Now, database and LLM are all set for running the examples locally.

For each framework, still, you will have to prepare a specific Python environment with the right dependencies. The instructions are given in the section of this docs specific to that framework: for example, here is how you start the LangChain examples locally.

Use a local Vector-capable Cassandra

At the time of writing, the Vector Similarity Search capabilities are not yet included in the distributions of Cassandra (see CEP-30 to track the status).

If you want to use the latest Cassandra that implements Vector Search, you can still do so by building the code yourself.
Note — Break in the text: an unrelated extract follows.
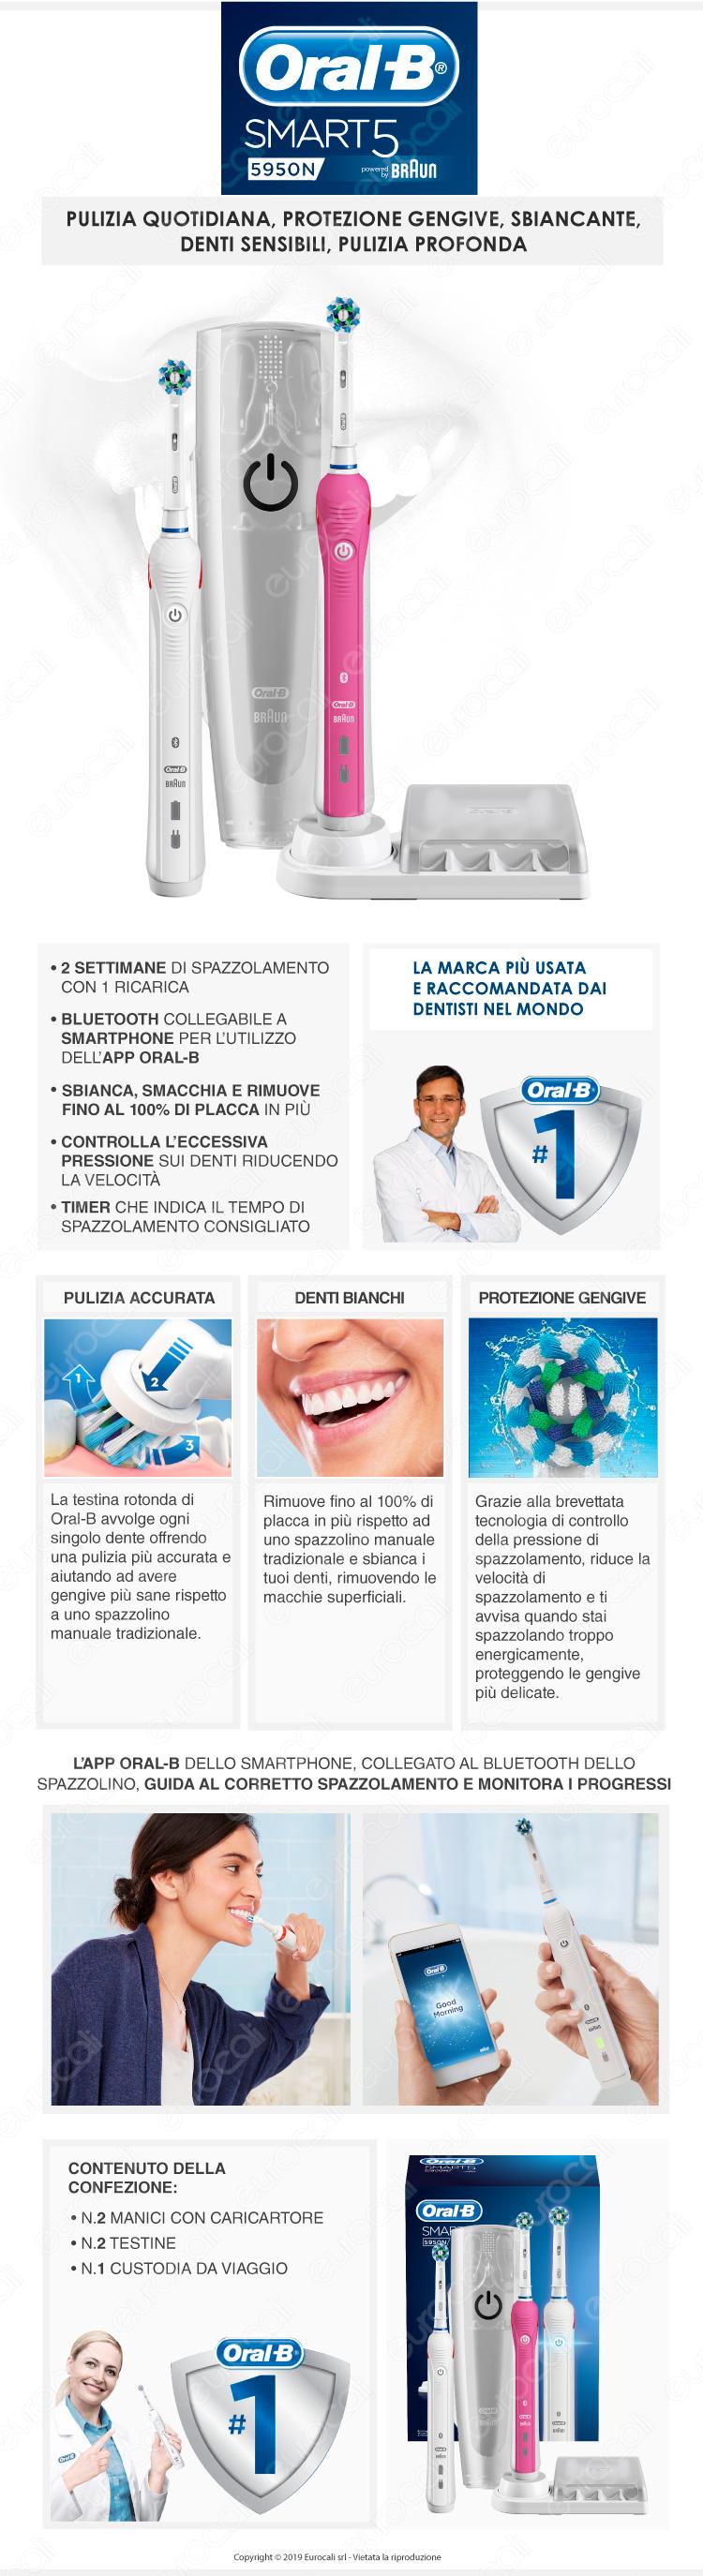 Oral-B Spazzolino Elettrico SmartSeries 5

The following instructions describe how to do that and get a single-node vector-capable Cassandra cluster running locally.

Warning

This is a development branch at the moment: it is not guaranteed to be stable. Please refrain from using it in production environments for a little while more.

These instructions require some knowledge of Java building tools.

Build and run

You need Java JDK 11. Go to a directory of your choice and execute:

# get the code
git clone https://github.com/datastax/cassandra.git
cd cassandra
git checkout vsearch
git pull

# setup usage of JDK 11
sudo update-alternatives --config java    # ... and pick JDK 11
export CASSANDRA_USE_JDK11=true
export JAVA_HOME=/usr/lib/jvm/java-11-openjdk-amd64/   # adapt this command

# clean and build
ant realclean
ant jar

If the above succeeded, you can launch the cluster with:

sudo bin/cassandra -f -R

You may need to create a log directory if not present:

sudo mkdir -p /var/log/cassandra

CQL Console

Using the vector-aware CQL Console that can be downloaded here, open a CQL Console by launching:

# adjust the path as needed
/home/user/myCqlsh/cqlsh-astra/bin/cqlsh

Populate the database

Still in the CQL Console, create a keyspace for the examples by executing the following:

CREATE KEYSPACE IF NOT EXISTS cassio_tutorials
    WITH REPLICATION = {'class': 'SimpleStrategy', 'replication_factor': 1 };

You can check that the keyspace exists with:

DESC KEYSPACES;

Exit the CQL console (EXIT + Enter), go back to this repo's root dir (you should have cloned it earlier to /some/directory/cassio-website/), then run this script, which will populate the local database with sample tables occasionally used by some of the examples you'll encounter:

# adjust the path as needed
/home/user/myCqlsh/cqlsh-astra/bin/cqlsh \
    -k cassio_tutorials \
    -f setup/provision_db/write_sample_data.cql

Use the local Cassandra in the code

Your local Cassandra is ready to support all examples.

The only remaining thing is to make sure the Session object used in the code is a connection to your local database: how exactly this is achieved depends on the framework you use.

With Langchain, for example, you can simply use the provided getCQLSession and getCQLKeyspace functions making sure you pass the parameter mode="local" when calling them.

More generally, you can build a connection to the local Cassandra with Python code similar to the following:

from cassandra.cluster import Cluster

cluster = Cluster()
session = cluster.connect()

the session object, along with the keyspace name (a string), can then be used e.g. in the cassio.init(...) invocations, or when instantiating individual objects, exactly in the same way as you would a connection to Astra DB (see the drivers documentation for more options).